• _What to produce_
Pictures aside, reproduce exactly and only the lines below, starting at the one containing "Michael Jordan’s 1998" and ending at the last line.

• _Data block_

++++++++++

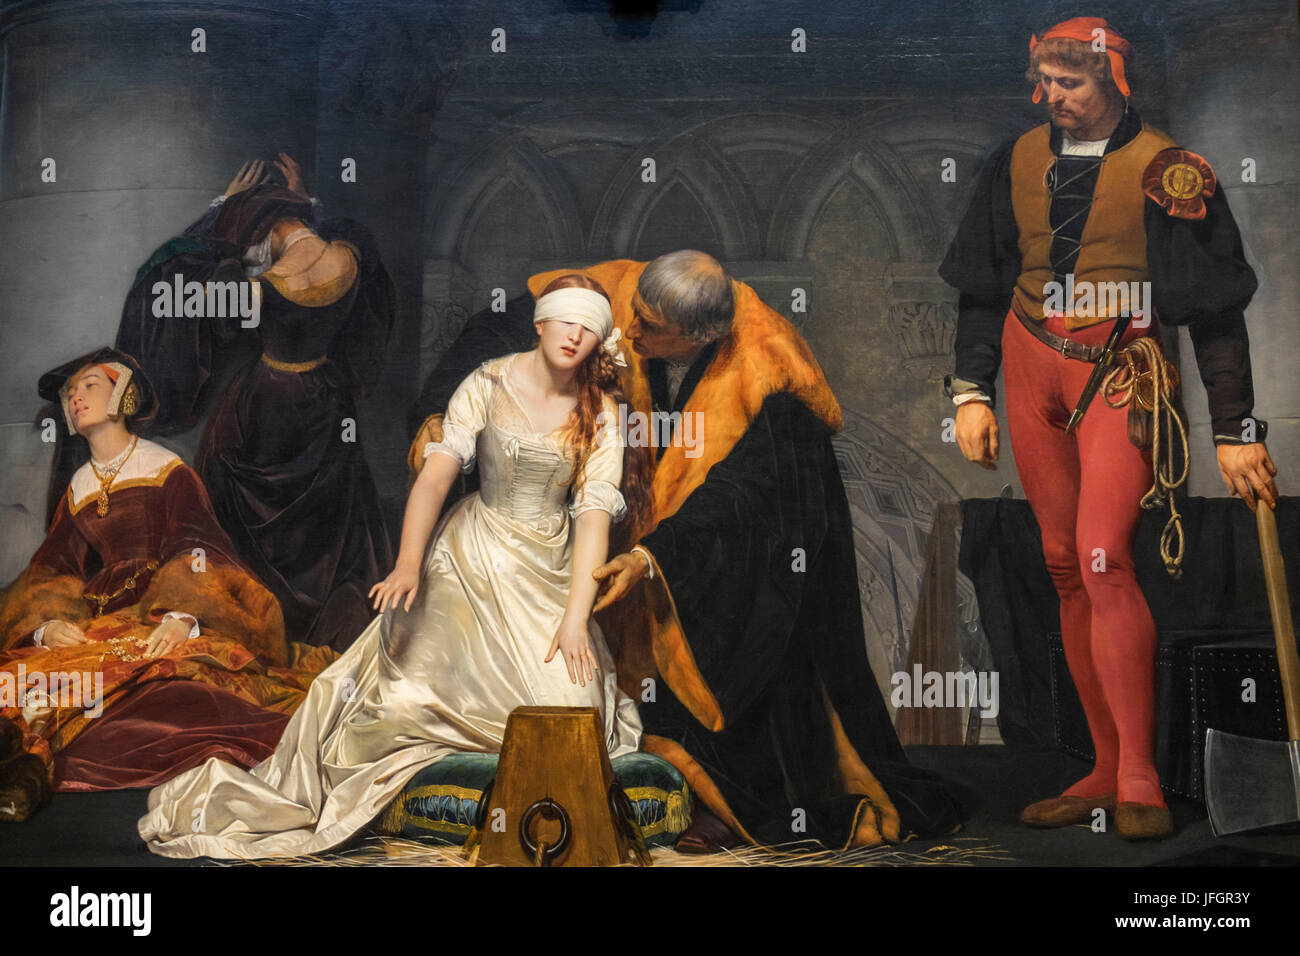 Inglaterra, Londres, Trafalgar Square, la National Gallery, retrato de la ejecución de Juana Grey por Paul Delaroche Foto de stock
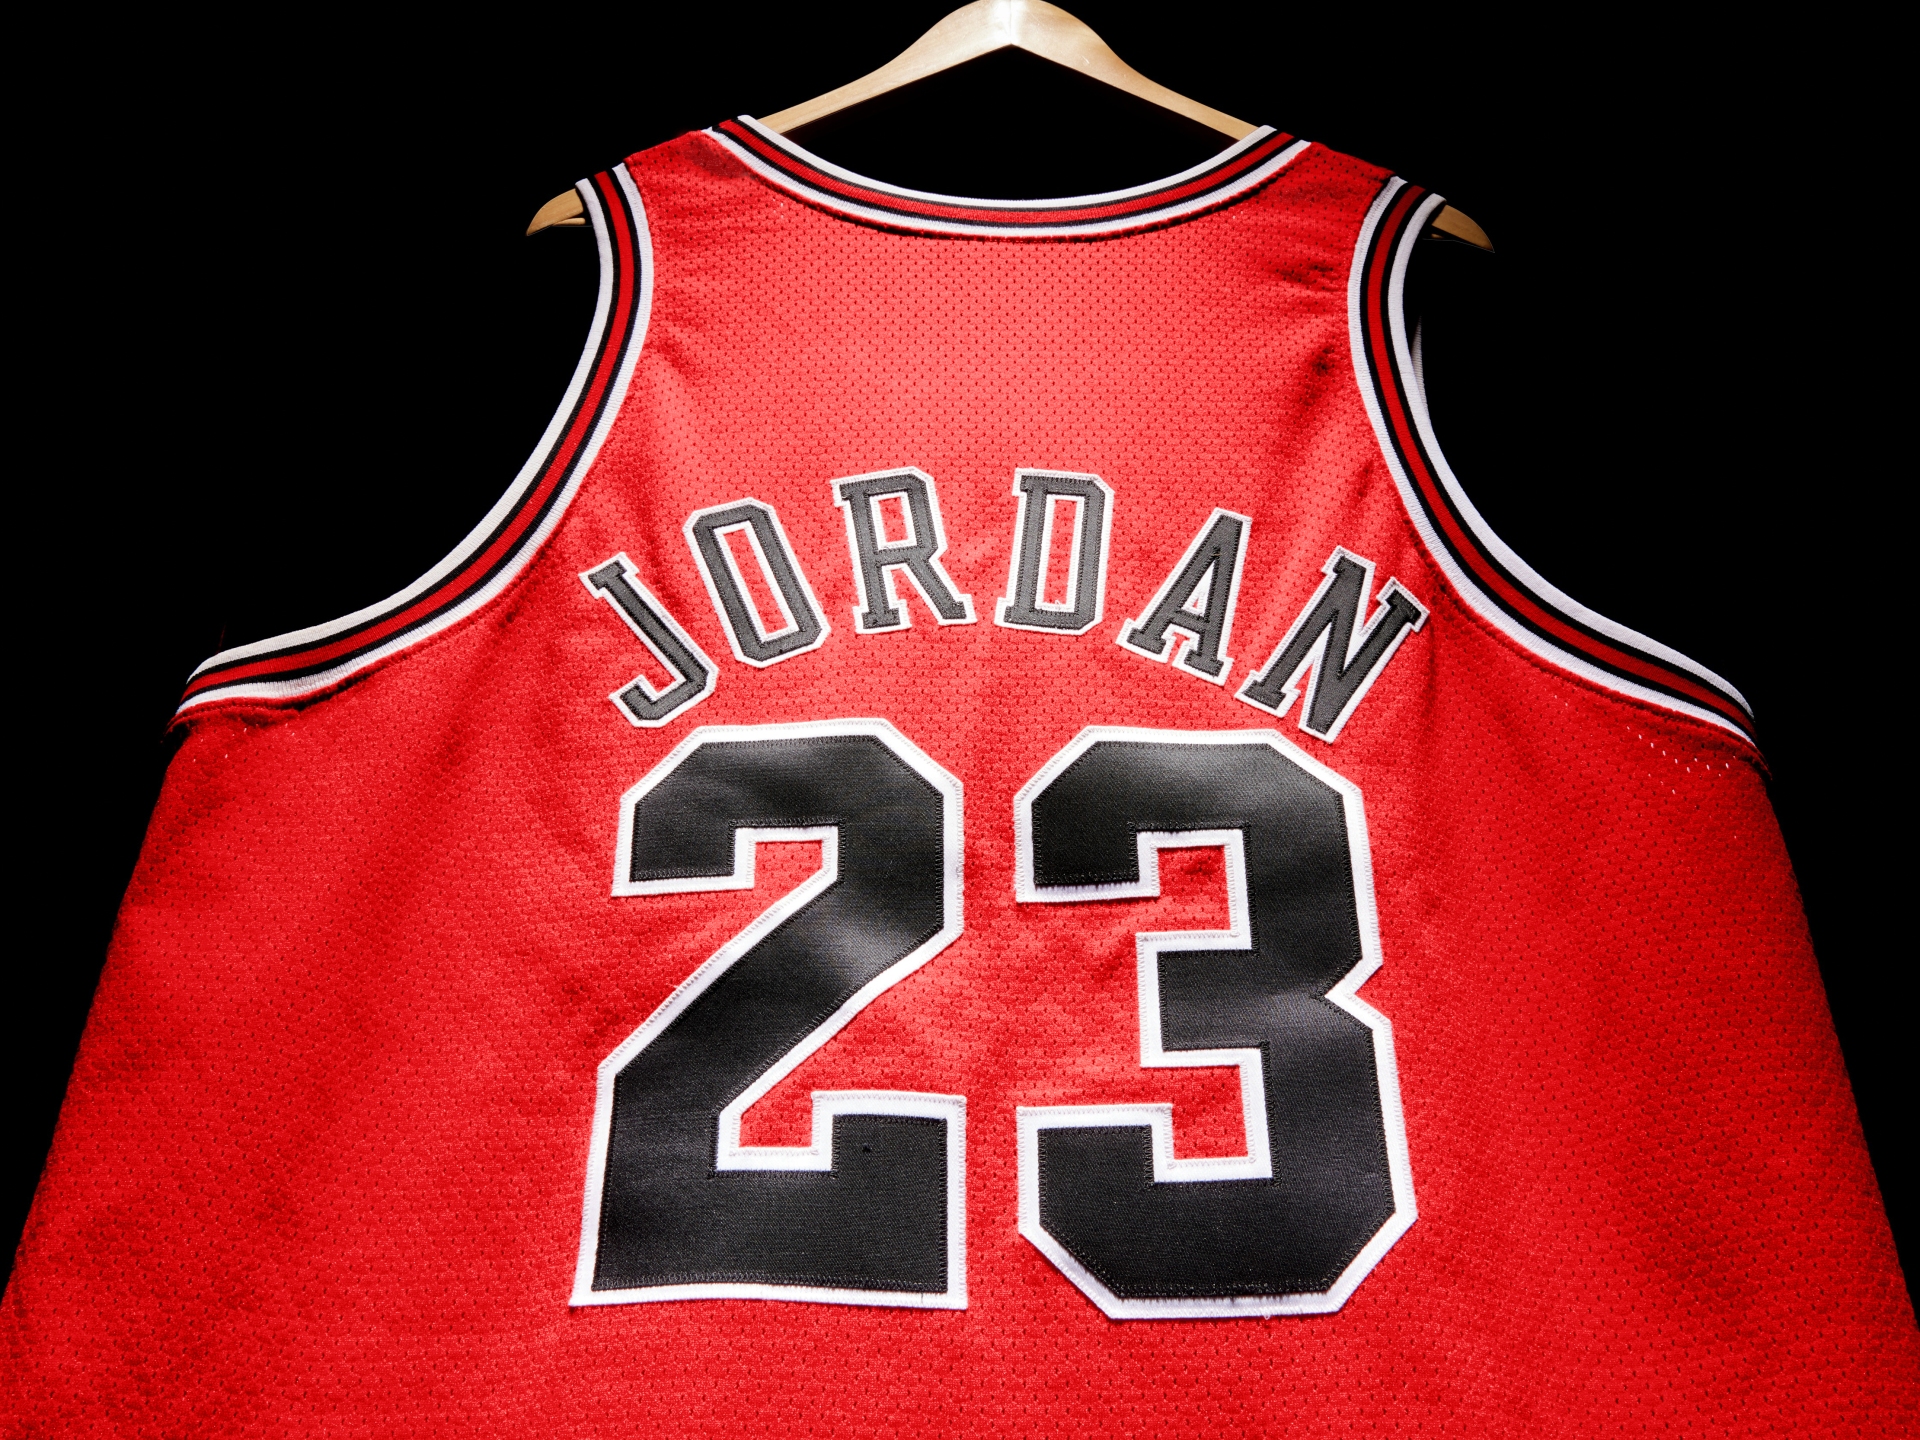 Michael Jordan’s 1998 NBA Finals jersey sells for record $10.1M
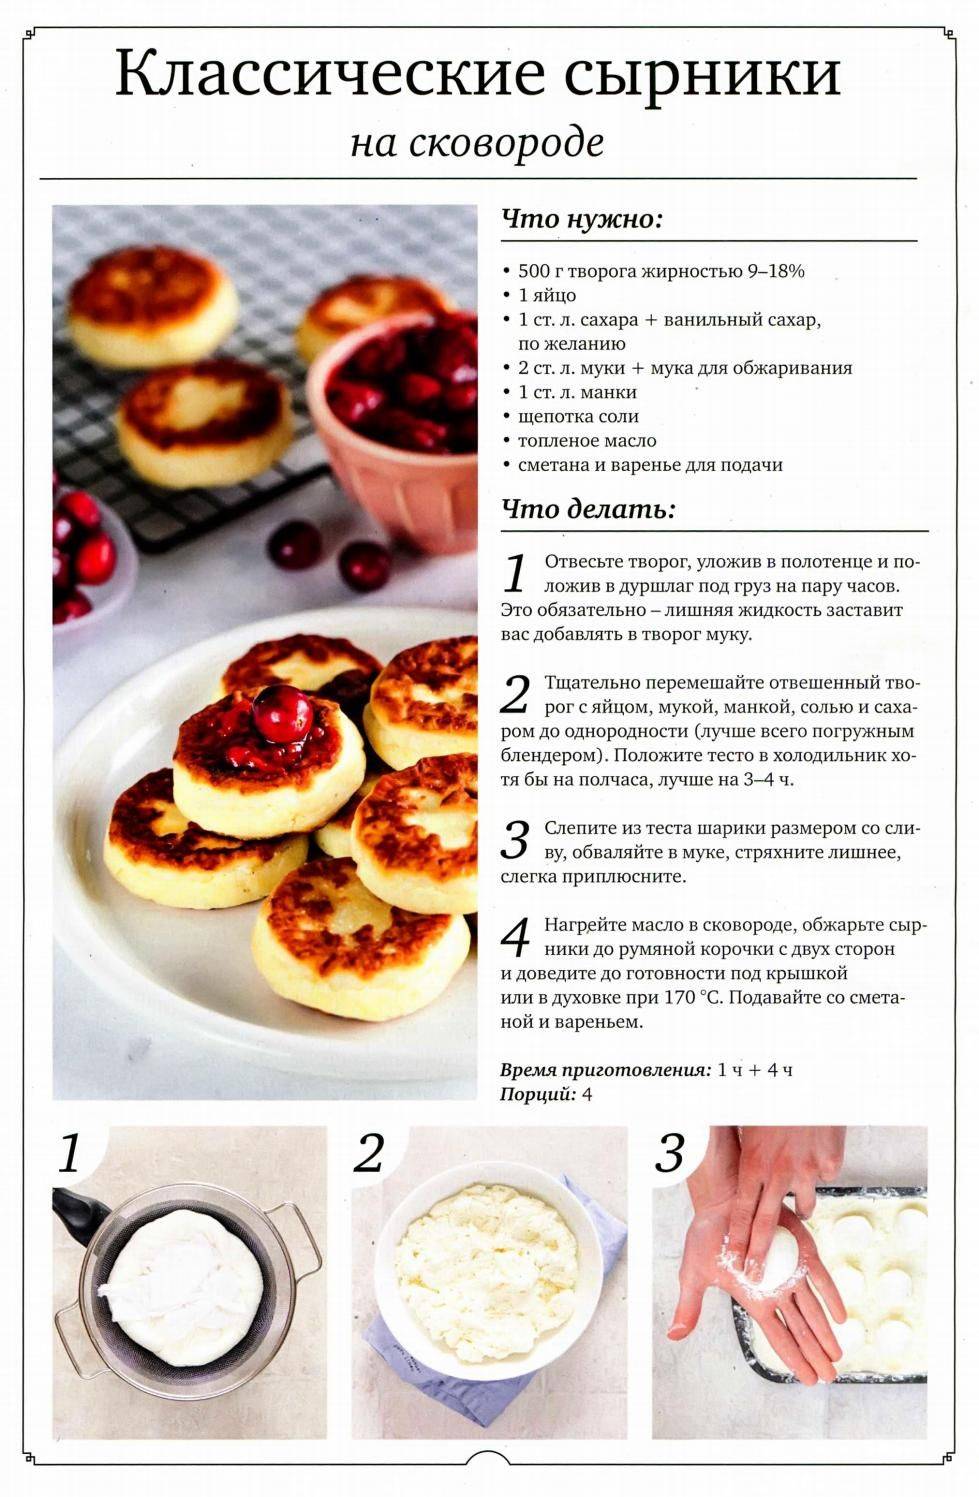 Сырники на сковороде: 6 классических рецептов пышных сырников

++++++++++

• _The answer_
 Michael Jordan’s 1998 NBA Finals jersey sells for record $10.1M
 Сырники на сковороде: 6 классических рецептов пышных сырников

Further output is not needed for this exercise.